◆ SUPPLIED DATA:
*** Block opens ***

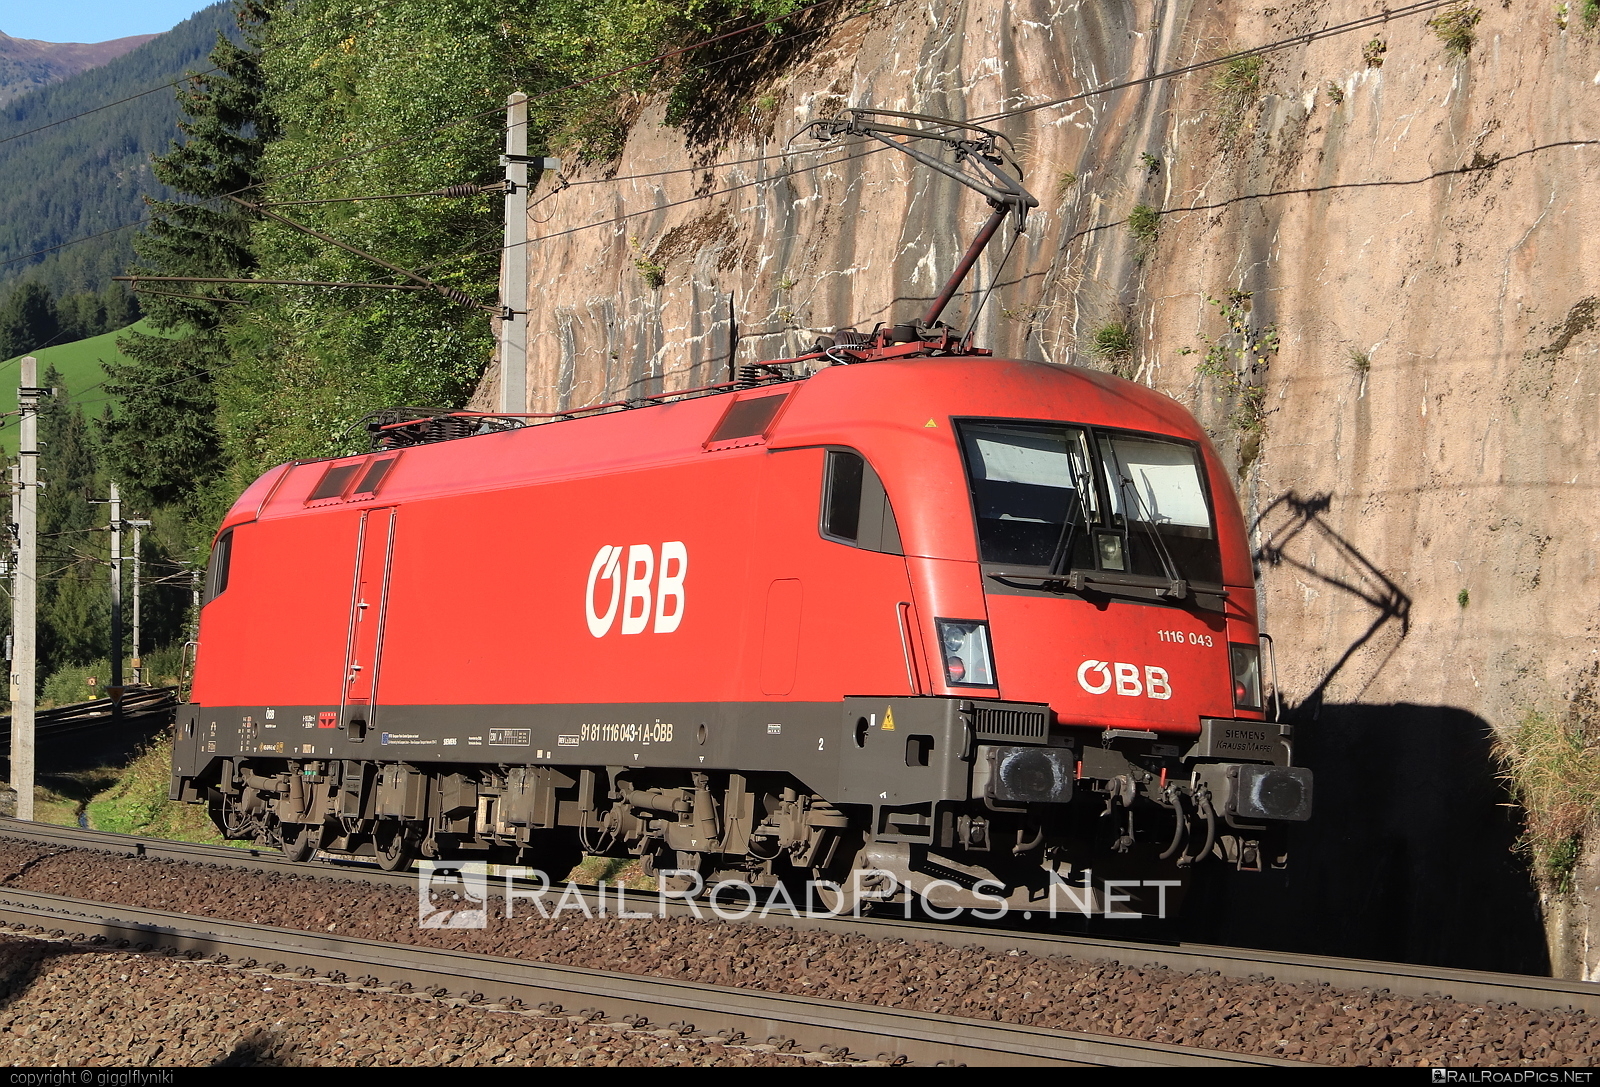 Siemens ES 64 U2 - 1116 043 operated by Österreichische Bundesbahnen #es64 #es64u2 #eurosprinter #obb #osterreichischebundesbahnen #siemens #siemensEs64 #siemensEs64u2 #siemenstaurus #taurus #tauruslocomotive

*** Block closes ***
*** Block opens ***

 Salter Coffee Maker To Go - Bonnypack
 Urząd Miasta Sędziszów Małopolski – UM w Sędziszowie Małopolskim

*** Block closes ***

Everything in the material above from the line that has "Salter Coffee Maker To Go - Bonnypack" through the line that has "Urząd Miasta Sędziszów" must be duplicated exactly, with no other lines given.

 Salter Coffee Maker To Go - Bonnypack
 Urząd Miasta Sędziszów Małopolski – UM w Sędziszowie Małopolskim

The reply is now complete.